## [COLLECTED MATERIAL]
>>>>>
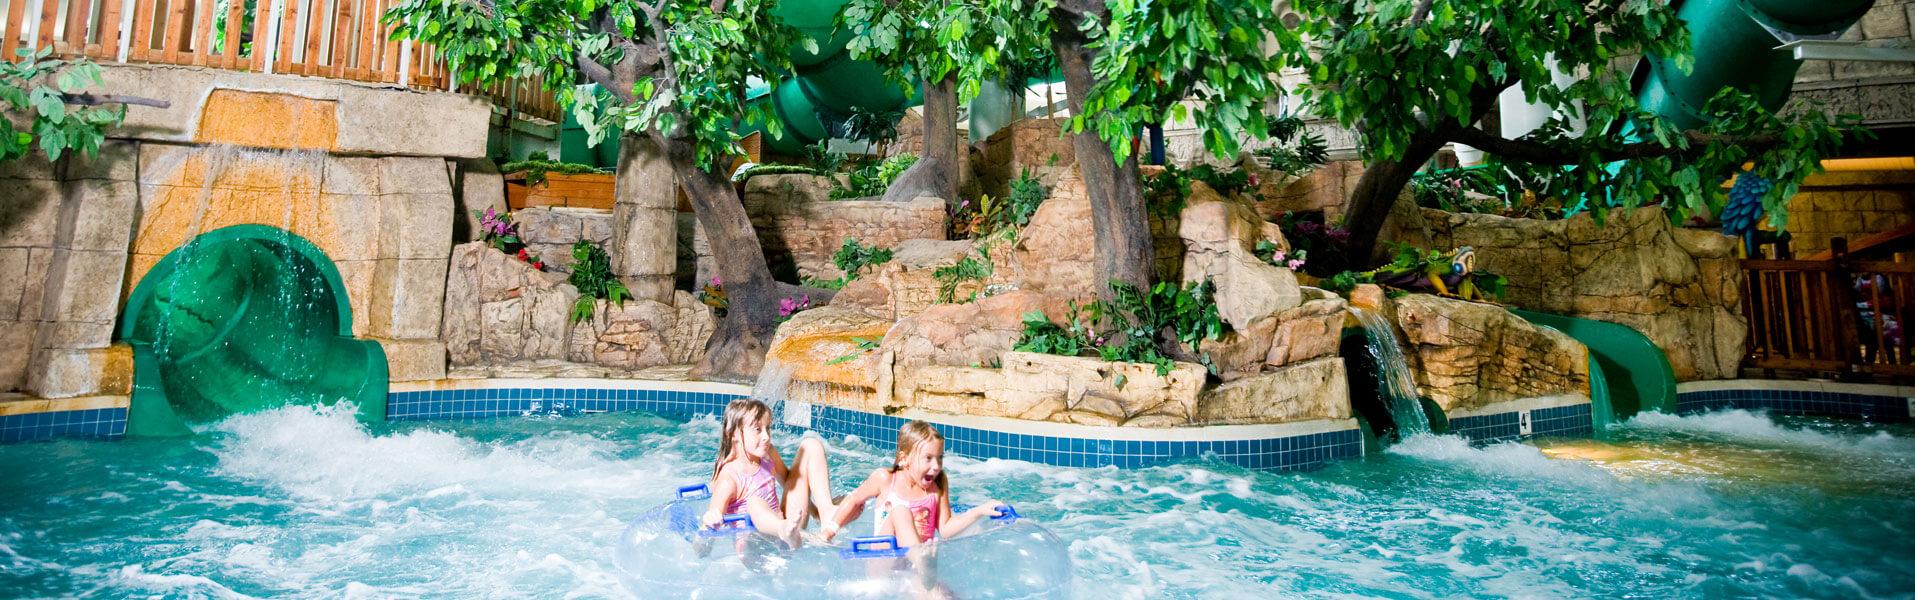 Mt Olympus Indoor Water Park Wisconsin Dells Mt Olympus Resort
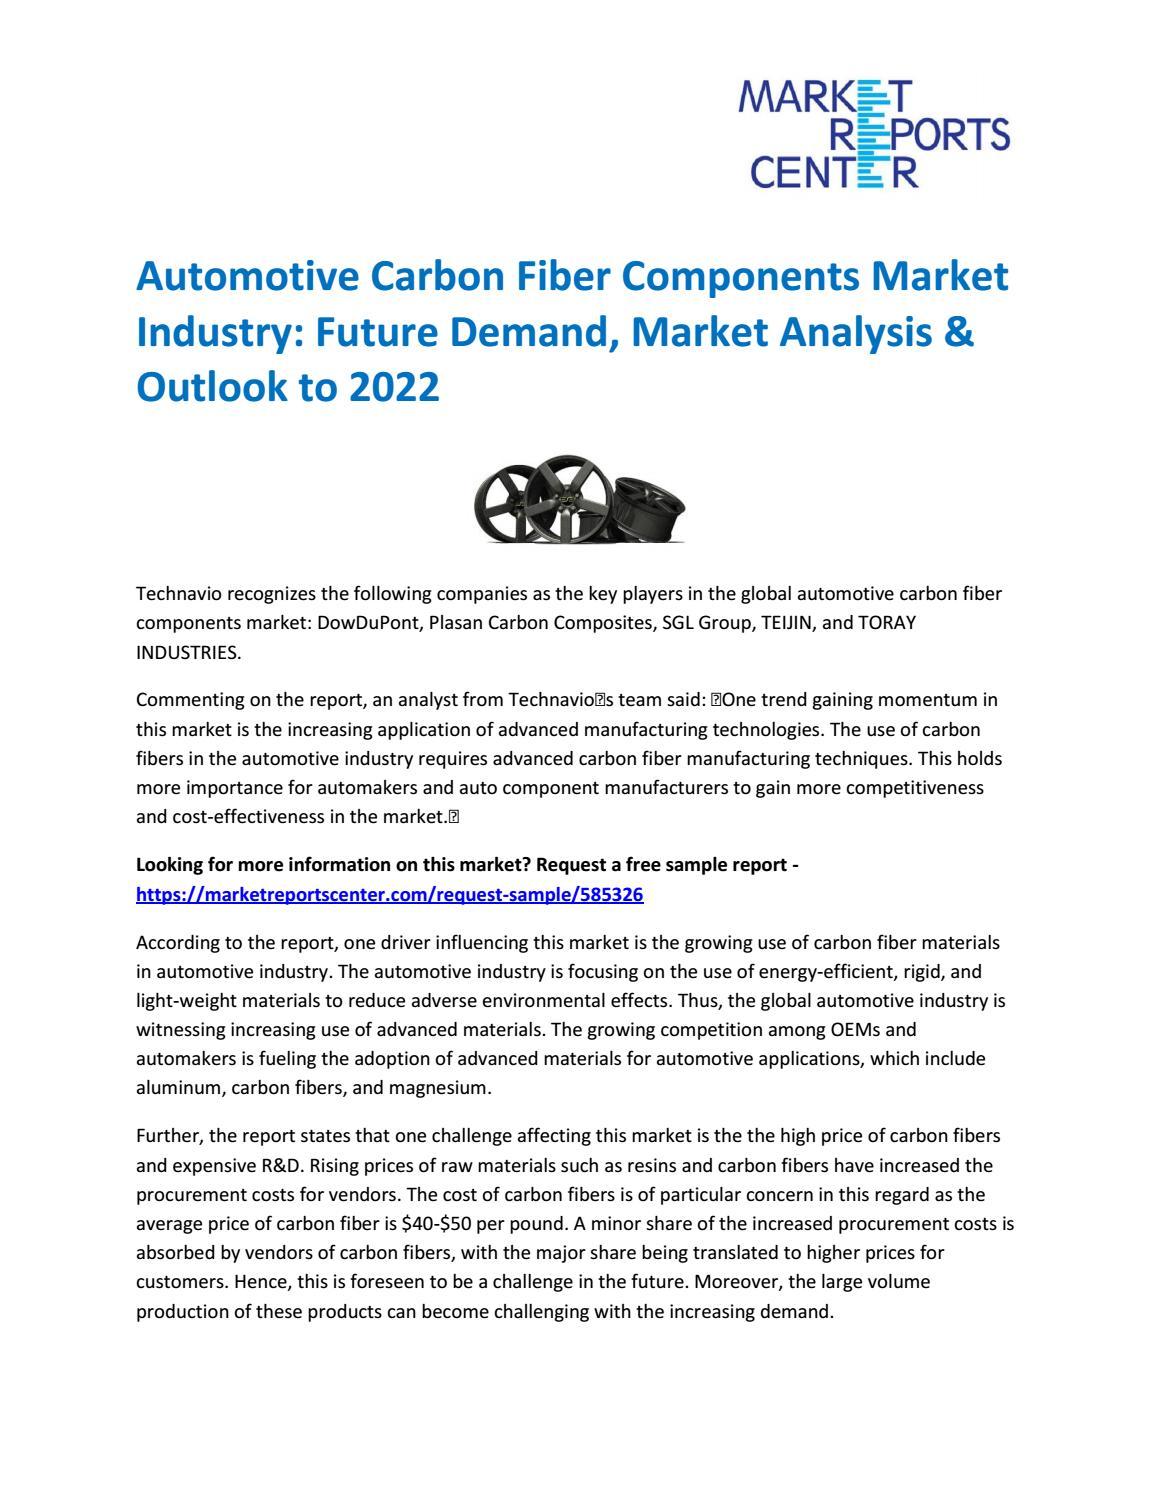 Automotive Carbon Fiber Components Market Industry: Future Demand
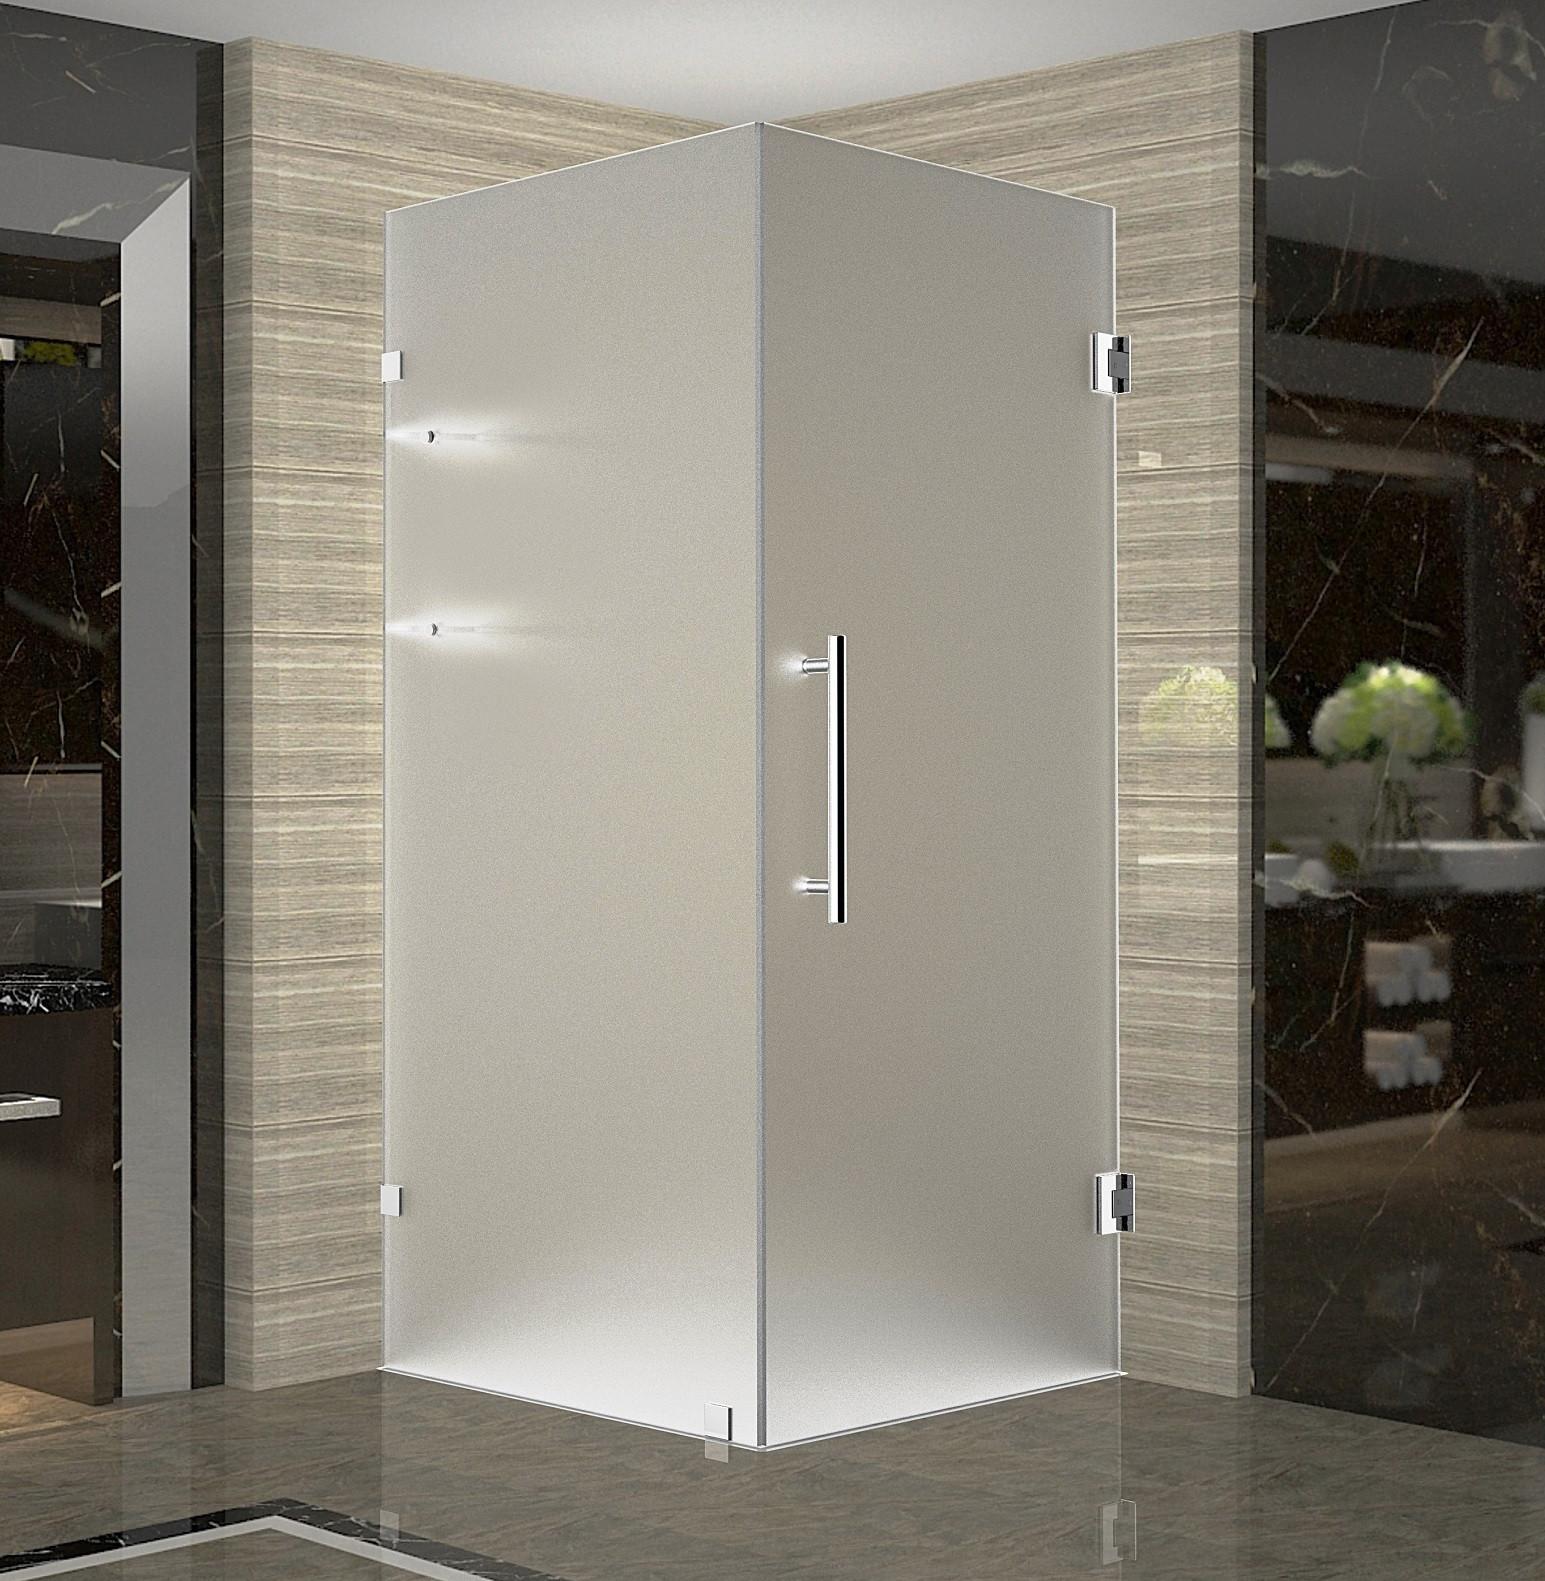 Aston Global SEN993F-CH-30-10 Chrome Completely Frameless Square Shower Enclosure with Shelves
<<<<<
Verbatim output, no pictures: the line holding "Automotive Carbon Fiber" and all lines after it through the last line of the material, with nothing else.

 Automotive Carbon Fiber Components Market Industry: Future Demand
 Aston Global SEN993F-CH-30-10 Chrome Completely Frameless Square Shower Enclosure with Shelves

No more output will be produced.